Martin really did throw up then, and I watched him, digging my fingernails into my palm so hard it bled. He wiped his mouth and looked at me all terrified, and asked what the fuck do we do. I turned around and punched the passenger window, which sent two long cracks up from the bottom corner, and helped no-one. We got in the car, flicked the headlamps on and drove into the night, and as we drove I told Martin that we had to bury the kid in the swamp, right where we had dug up the other guy. I told him don’t even think about it, said we couldn’t frame Crawton for two murders, not when one of them had tire tracks all up his shattered ribcage. He shuddered, and I regretted saying it like I did, but then he nodded and said Okay. For a long time we drove like that in silence, the fog sending the light from the headlamps right back in our faces. Then Martin asked me, have you ever killed someone before? I said yeah, which wasn’t true, and then I said, a long time ago, to make it sound true. He looked down at his hands and nodded again, like he knew what I was gonna say before I told him. I remembered Dad’s whiskey in the glove box and I reached over Martin’s lap to get it. I put the bottle in his hand, eyes on the bumpy road, and he unscrewed it and gave it back. I swigged it, retched, took a breath and swigged again. Martin took the bottle and went, sip, swallow, sip, swallow, over and over, like he was real thirsty or running out of time.
It was dark when we got back to where we started, under the bridge just south of Fargo on the 441, if you want to go looking. We didn’t have a flashlight, so we parked off the road and put the headlamps on, sending yellow light across the mud. We got back into our dirty clothes and went about digging what we’d just undug. The boy went in face down, sniffing somewhere around the same spot as the last one. I hate to say it, but to this day I can’t say for sure if he was dead before we buried him. I don’t know, it was likely just the whiskey, me seeing him twitch.
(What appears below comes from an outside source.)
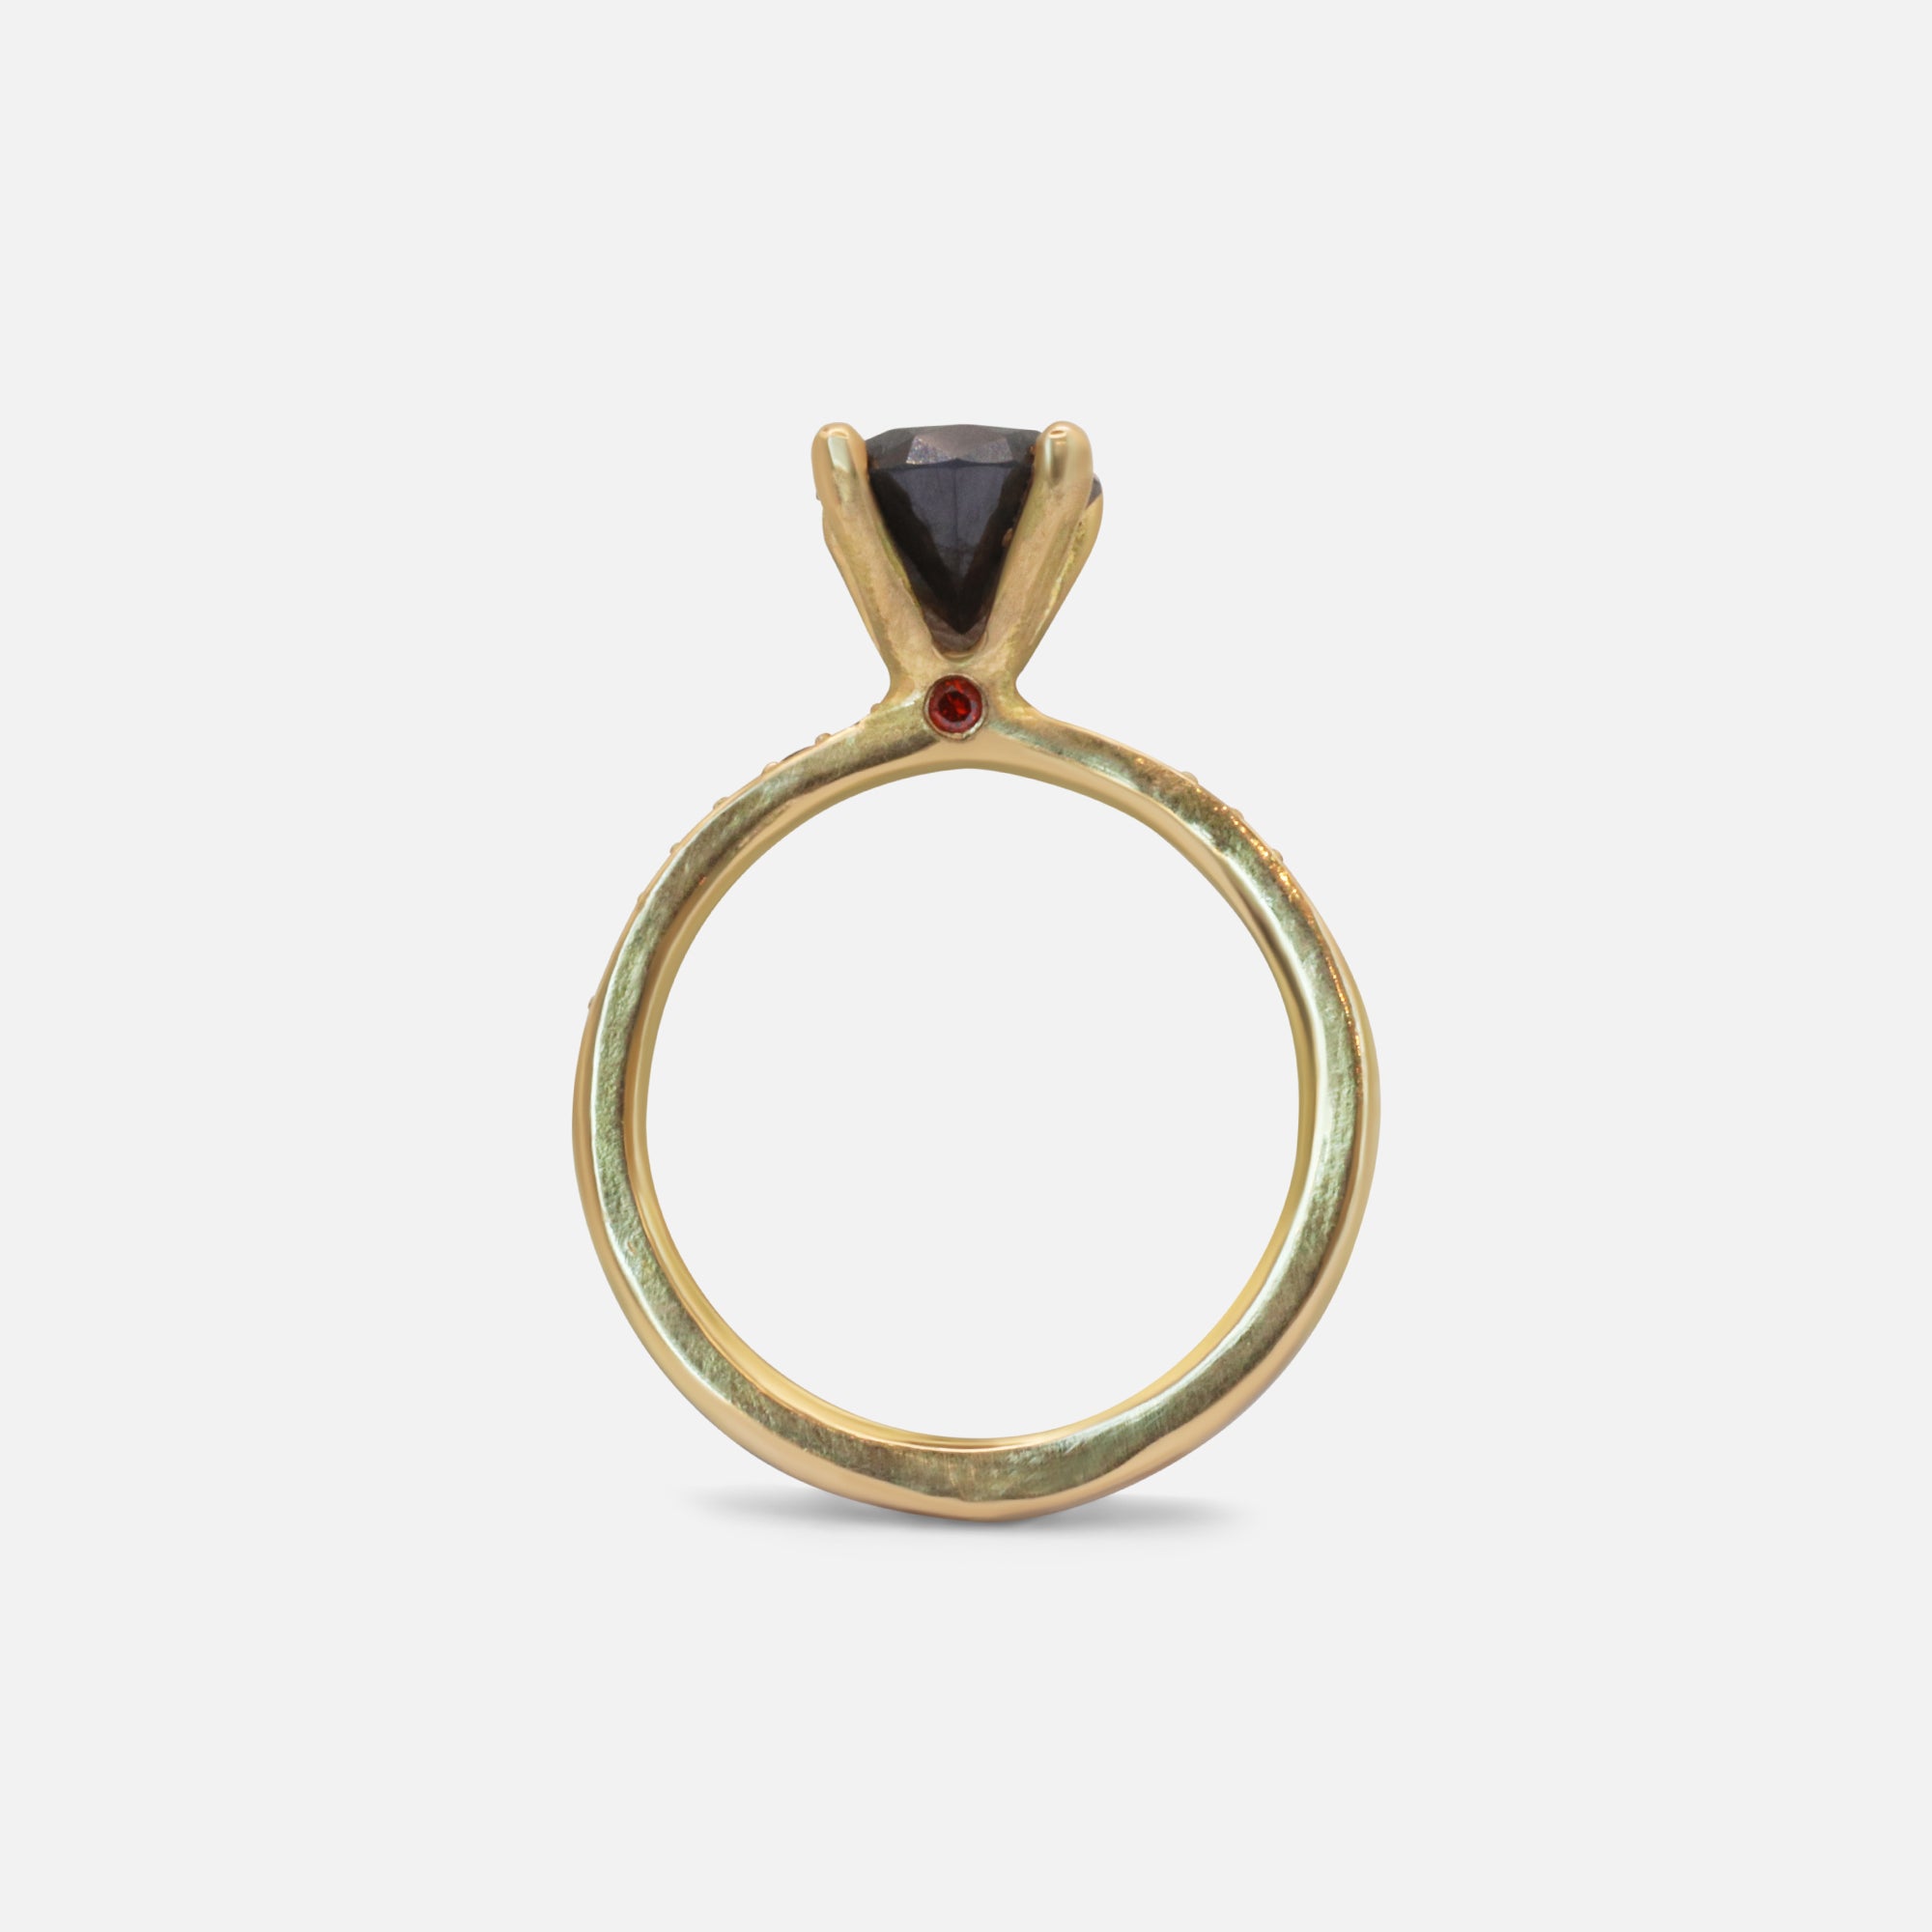 Profile view of Imperatrix / Black Diamond Ring

From there it was straight on to the estate. Dad wanted Crawton in jail for murder, said he’d killed plenty, even if it was Dad himself who dropped this particular man. We went the long way round – it can get real quiet around here at night, so we didn’t want to drive too near the house. Martin was drunk by the time we parked up on the dirt track around the yard, and I was heading that way. Still, we wanted to get it over and done with, so we took our shovels and Martin took the bottle, and we crept through the mangroves on to Crawton’s property. The hole took an hour to dig, all big rocks and tree roots blocking the path. When it was deep enough, Martin threw the empty bottle into it and we went back for our rotting friend. In the end, it was that bottle that put them on to us, the whiskey that Crawton knew Dad drank, but that wasn’t what got us caught. No, somehow when we heaved him out the back of the truck, and Martin dragged him by the arms while I tried to drunkenly cover the trail his boots left in the dirt, somehow as we piled the soil on top of him, patted it down, made sure it looked freshly done, somehow we didn’t notice his jaw was gone. There it was, in the back with the wood, that gold tooth still sparkling.
We put on our clean clothes, the ones that had only handled one body, and headed to a payphone to make the call. We’re both of us gonna burn forever in hell, I know it, said Martin, but he didn’t really look fazed. I guess it’s just a thing you say.